Other side effects of SGLT2s include an increased risk of yeast infections for women (because glucose in your urine feeds the growth of bacteria) and men (balanitis). There have also been rare reports of necrotizing genital infections.

Risky Business: Low-Carb Diets and SGLT2s

Low-carb diets naturally increase your body’s production of ketones — and that can be a good thing if you’re trying to lose weight. When you’re consuming very few carbohydrates, your body burns fat more quickly for fuel, using the resulting ketones for energy. 

In small amounts, ketones are safe and normal. Most people, with or without diabetes, produce small amounts of ketones in the fasting state (like before eating breakfast). But very large amounts of ketones can lead to DKA, a dangerous and potentially even deadly condition.

Diabetic ketoacidosis (DKA) occurs when an absence of insulin causes your blood to become acidic. The body’s cells cannot survive under acidic conditions. When combined with dehydration, this process accelerates into a poisonous cocktail that undermines the heart, impairs the brain, and can lead to death in days.

In people with diabetes, an ultra-low-carb diet (fewer than 50 grams per day) is usually safe — until you add another component that can cause the production of ketones to spiral out of control. That’s exactly what SGLT2 inhibitors can do.

On their own, SGLT2s do not cause DKA. Instead, they create an ideal environment for the production of ketones when combined with another ketone-inducing factor, like a low-carb diet, dehydration, acute illness, pump failures, fasting, or skipping insulin doses.

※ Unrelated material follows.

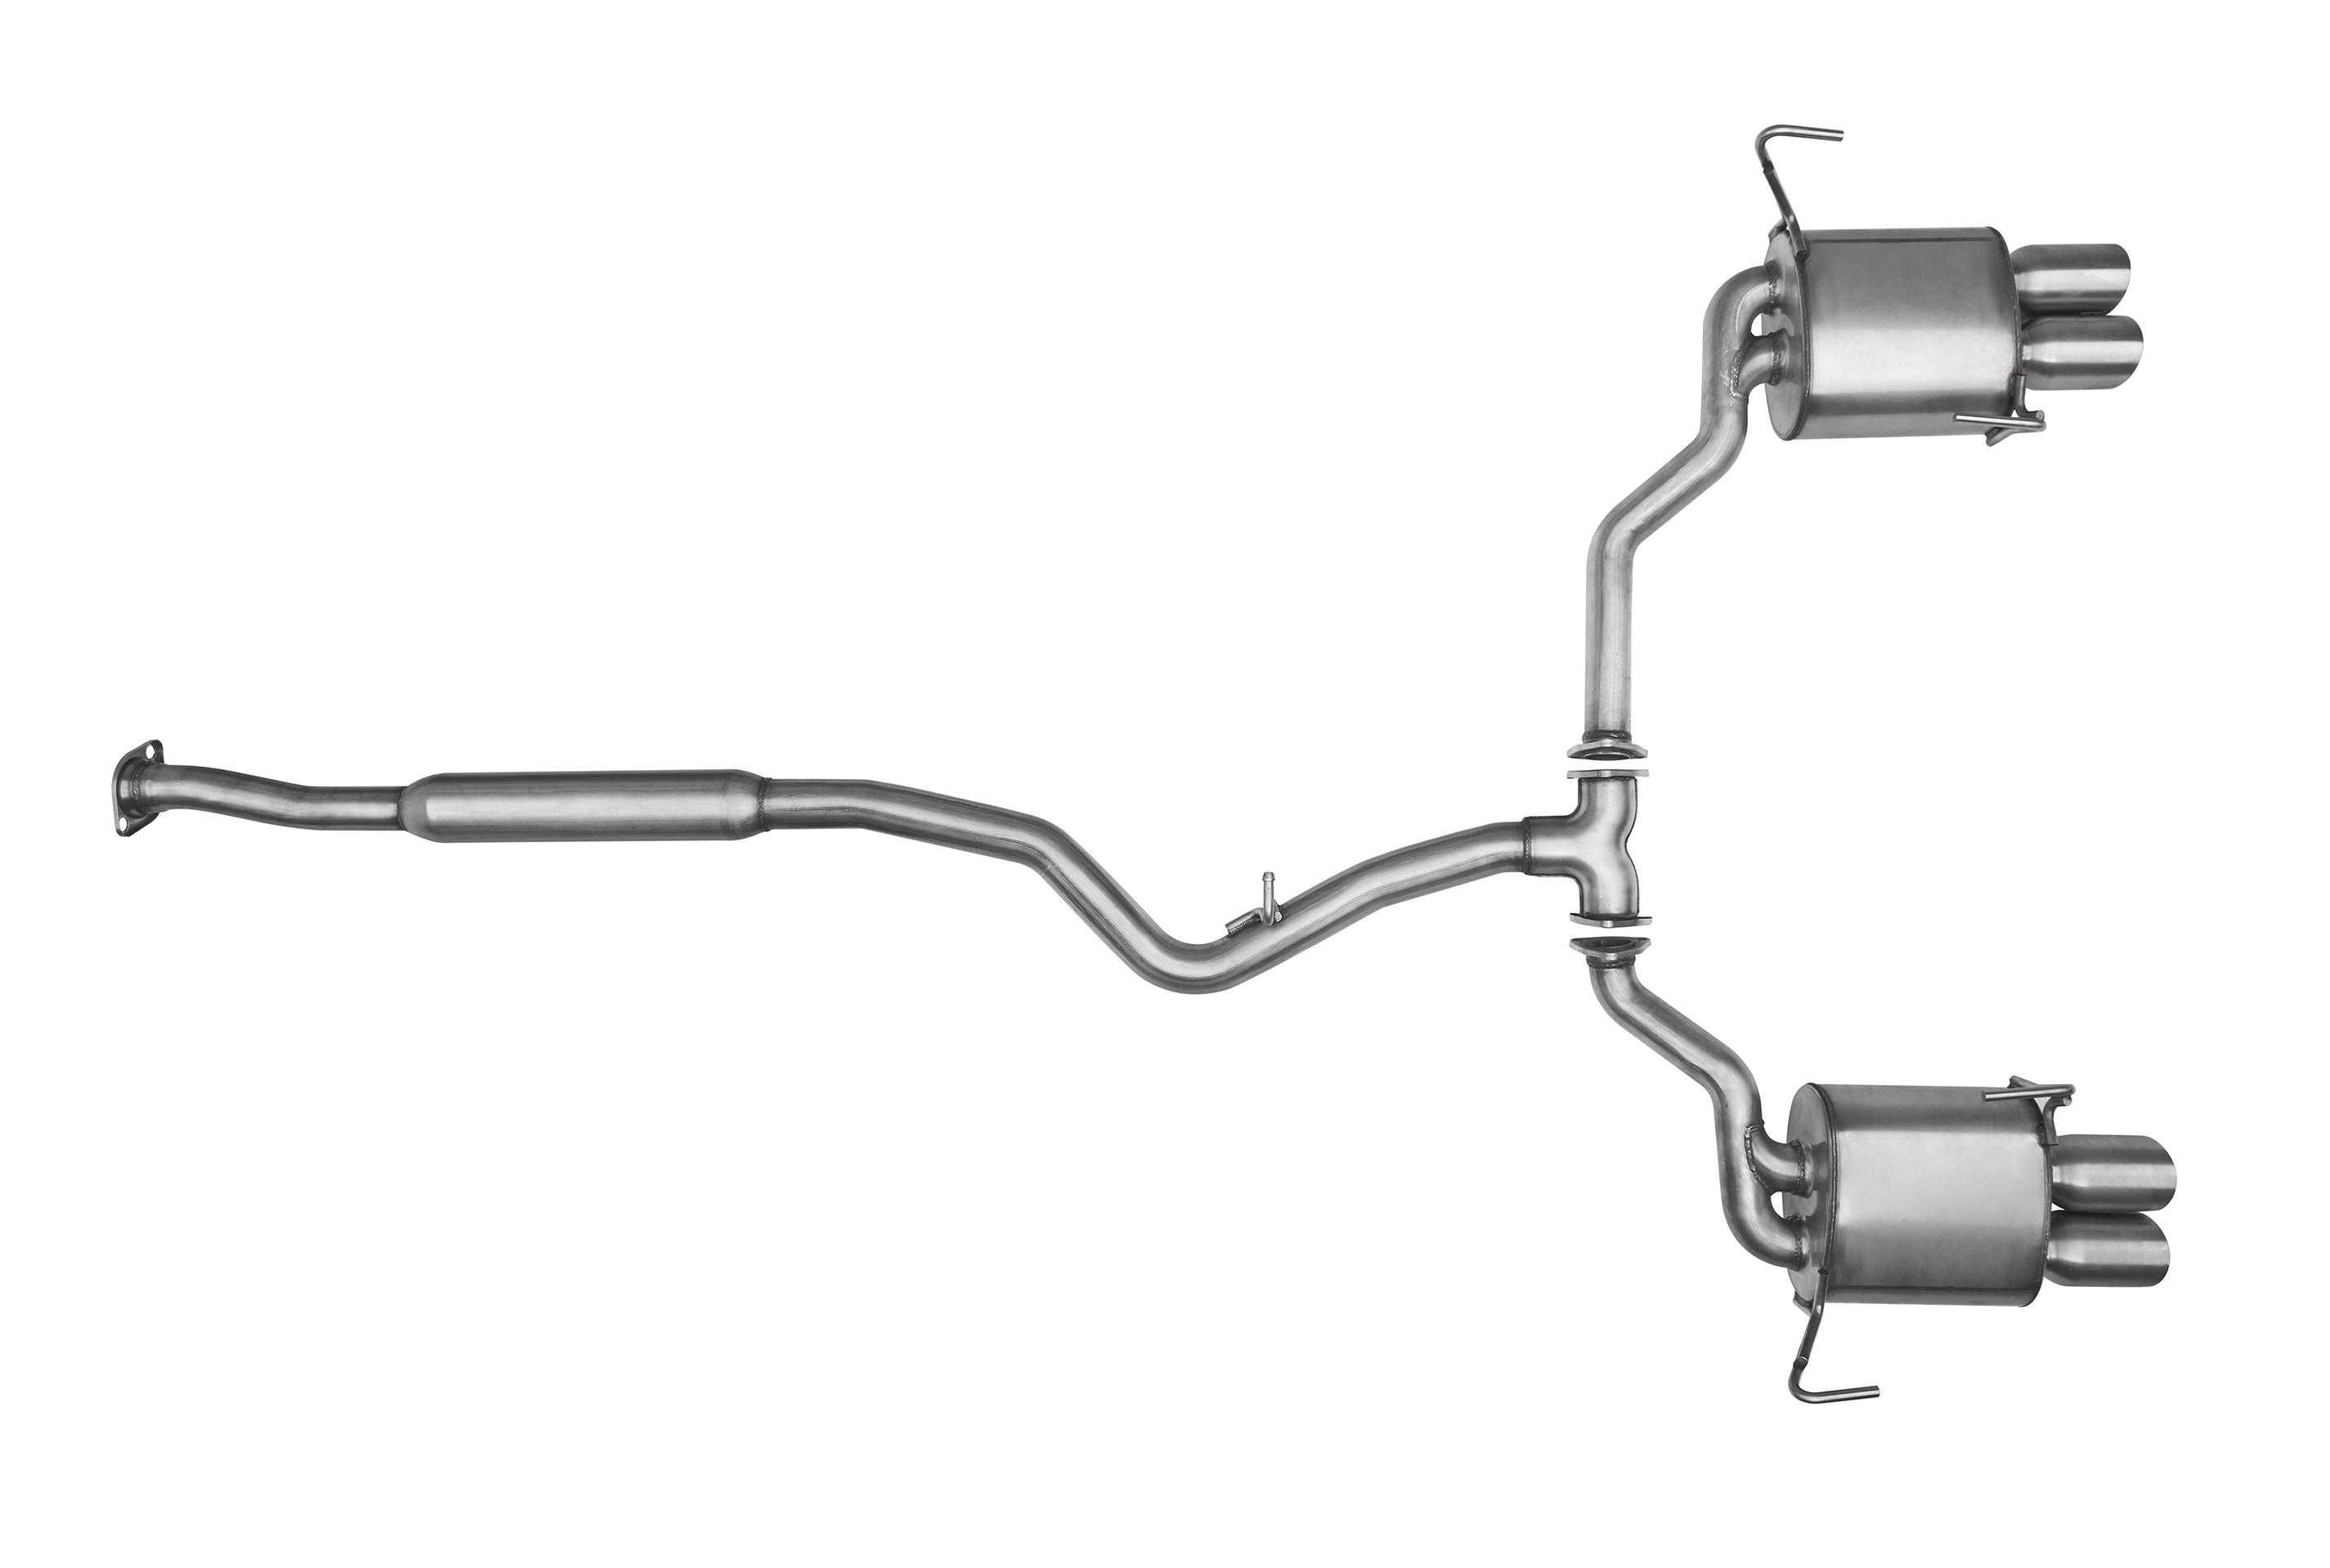 Shop Genuine 2018 Subaru WRX Accessories from Heuberger Subaru

Just one of these additional factors can drive your ketone production into overdrive, sending you into DKA. And unlike the DKA that most people with diabetes are probably familiar with, this can even occur when blood sugar levels remain at a healthy level.

“A low-carb diet increases the risk of DKA because when a patient consumes a low-carb diet, their total daily dose (TDD) of insulin is decreased,” explains Kelsey Hutter MS, RD, CDCES, LD/N, who’s also lived with type 1 diabetes (T1D) for 15 years. Though it’s usually considered healthy to reduce your insulin requirements, when people are using a low-carb diet and SGLT2s at the same time, they can end up using less insulin than they really need, even at healthy blood sugar levels.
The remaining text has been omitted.